_Information supplied_.

>>

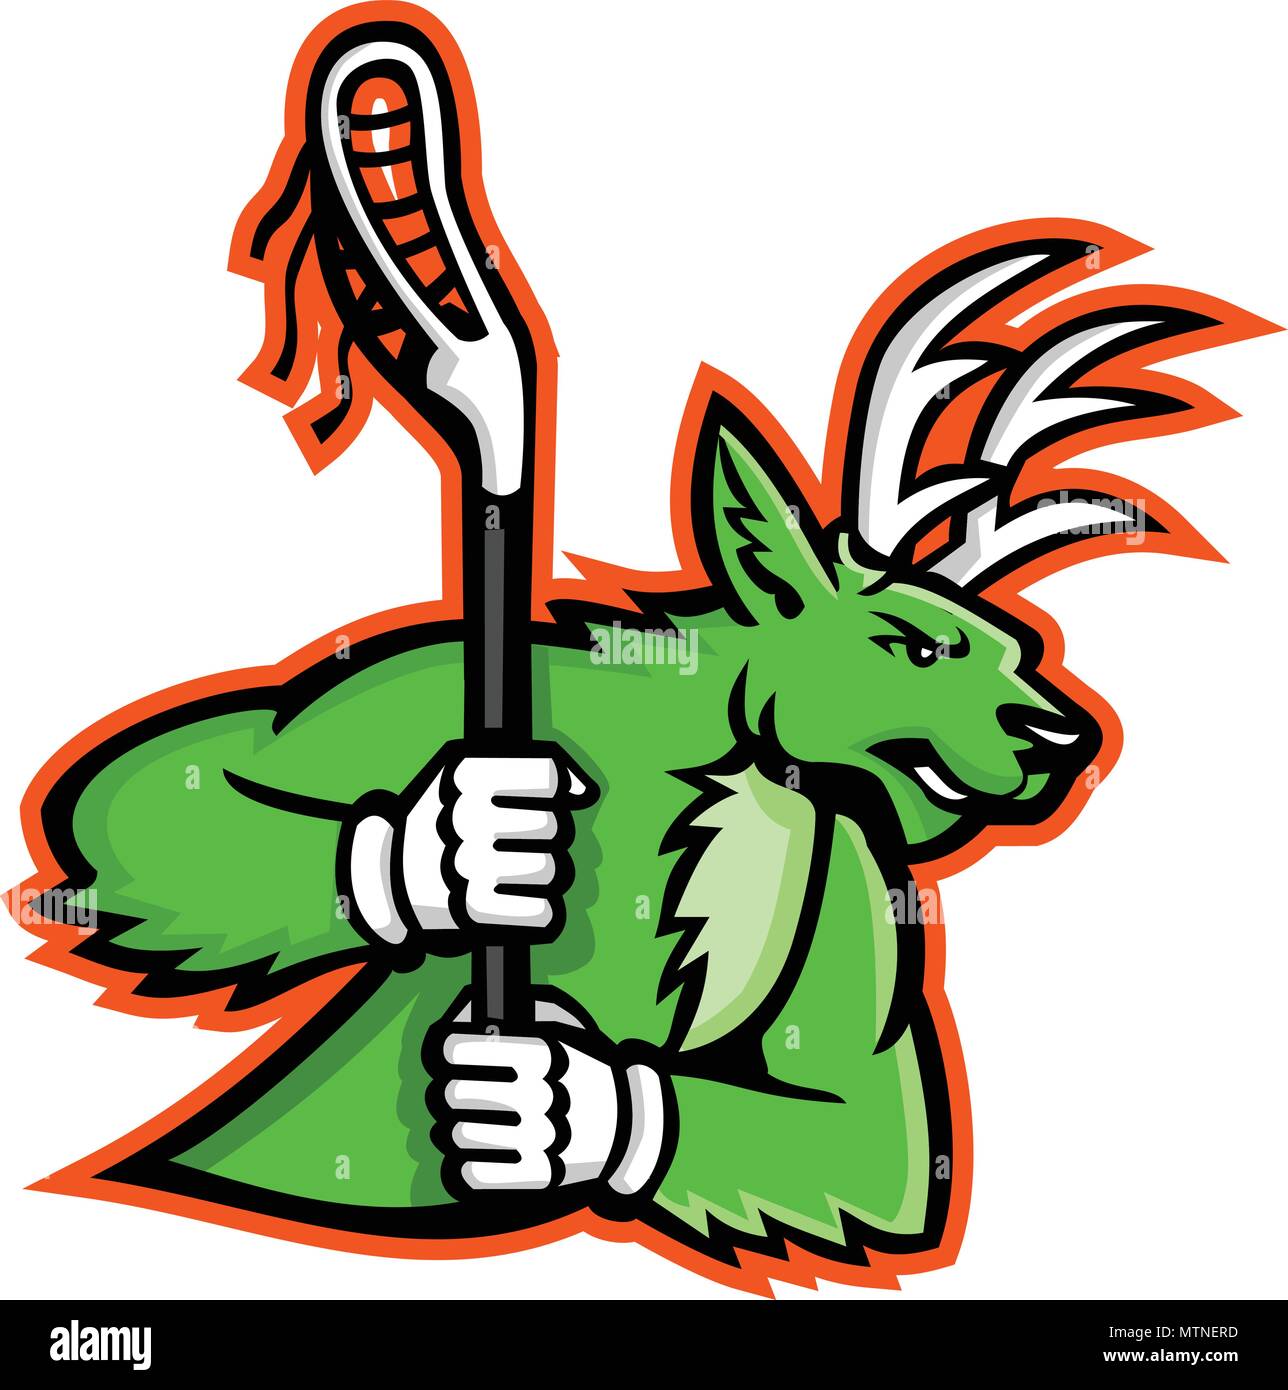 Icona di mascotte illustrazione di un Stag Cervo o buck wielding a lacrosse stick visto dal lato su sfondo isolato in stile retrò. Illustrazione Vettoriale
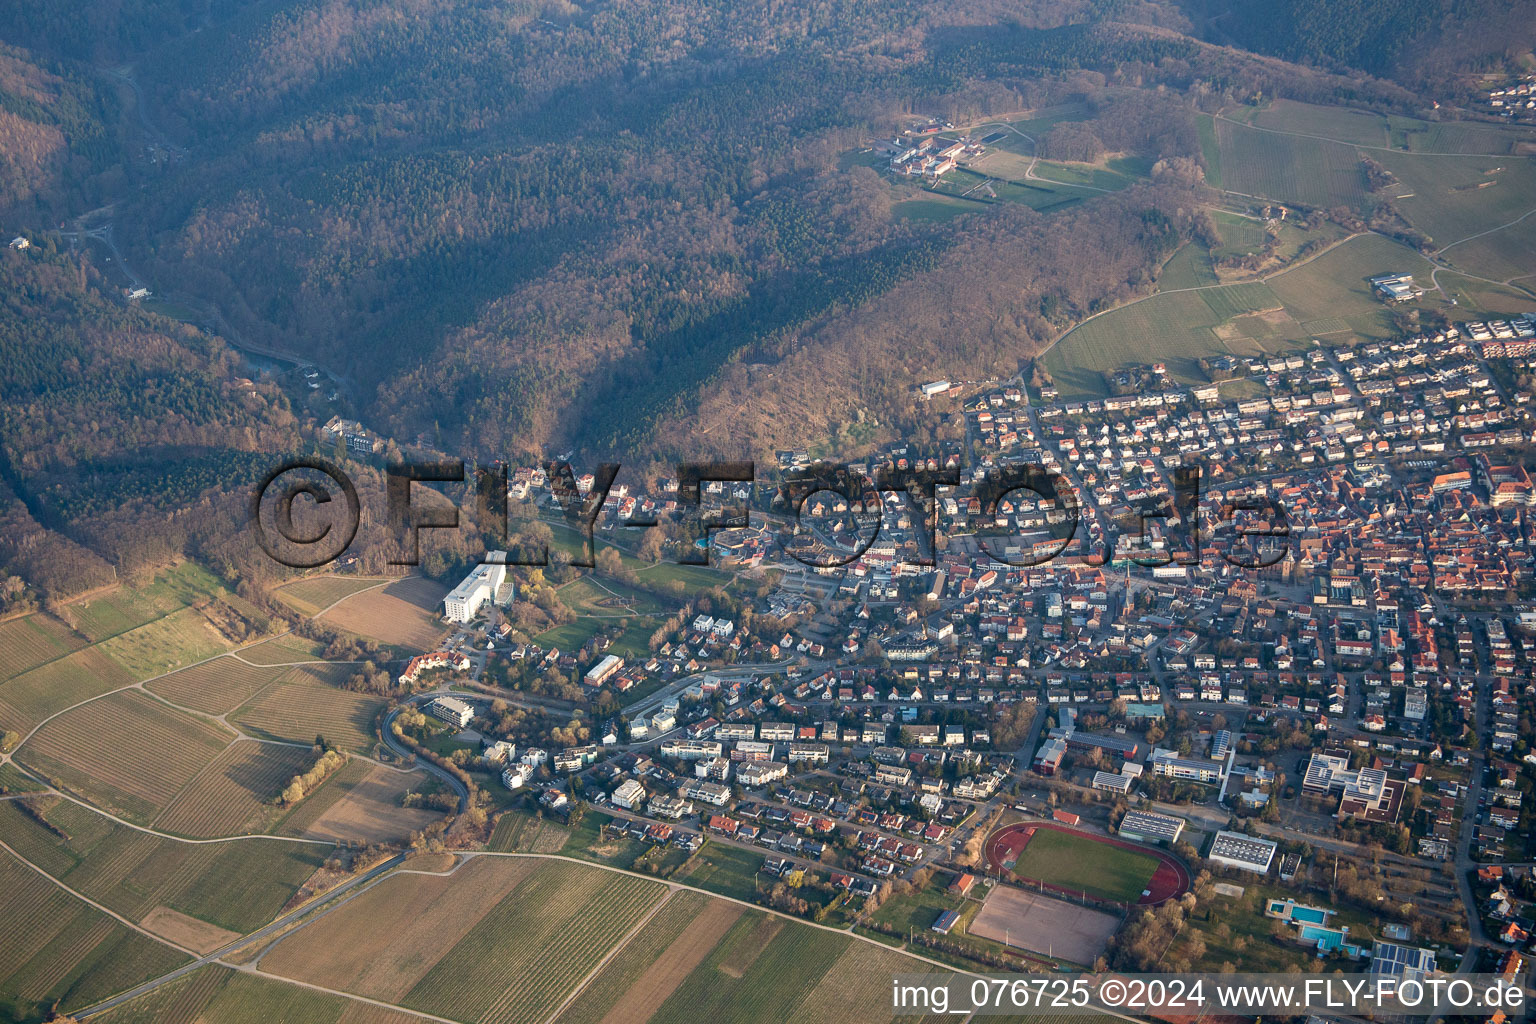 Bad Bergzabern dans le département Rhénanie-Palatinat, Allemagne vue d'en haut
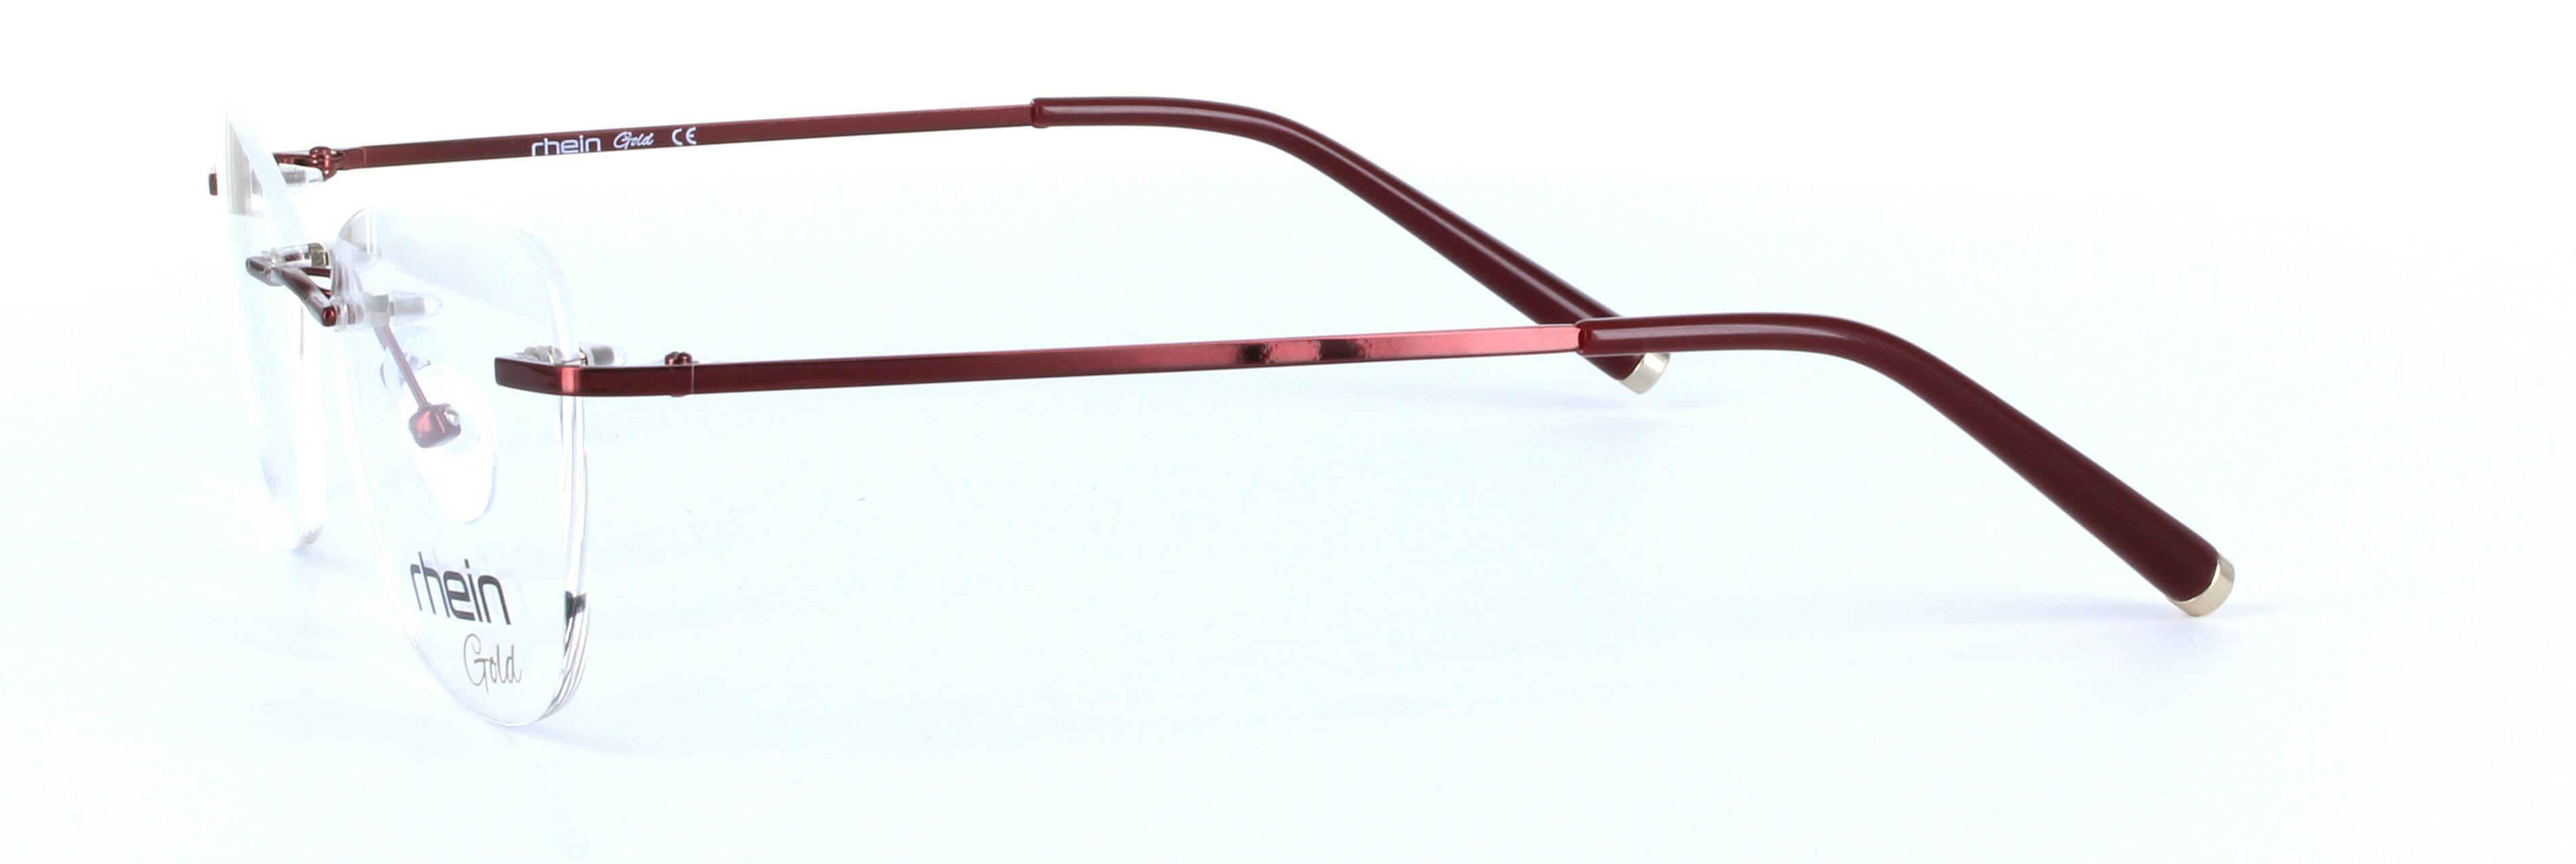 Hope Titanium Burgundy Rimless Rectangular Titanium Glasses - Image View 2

<<

_Prompt_. Write out the lines of the material from the one containing "Bad Bergzabern dans" through the last, exactly and only those. Leave every picture out.

_Response below_.
 Bad Bergzabern dans le département Rhénanie-Palatinat, Allemagne vue d'en haut
 Hope Titanium Burgundy Rimless Rectangular Titanium Glasses - Image View 2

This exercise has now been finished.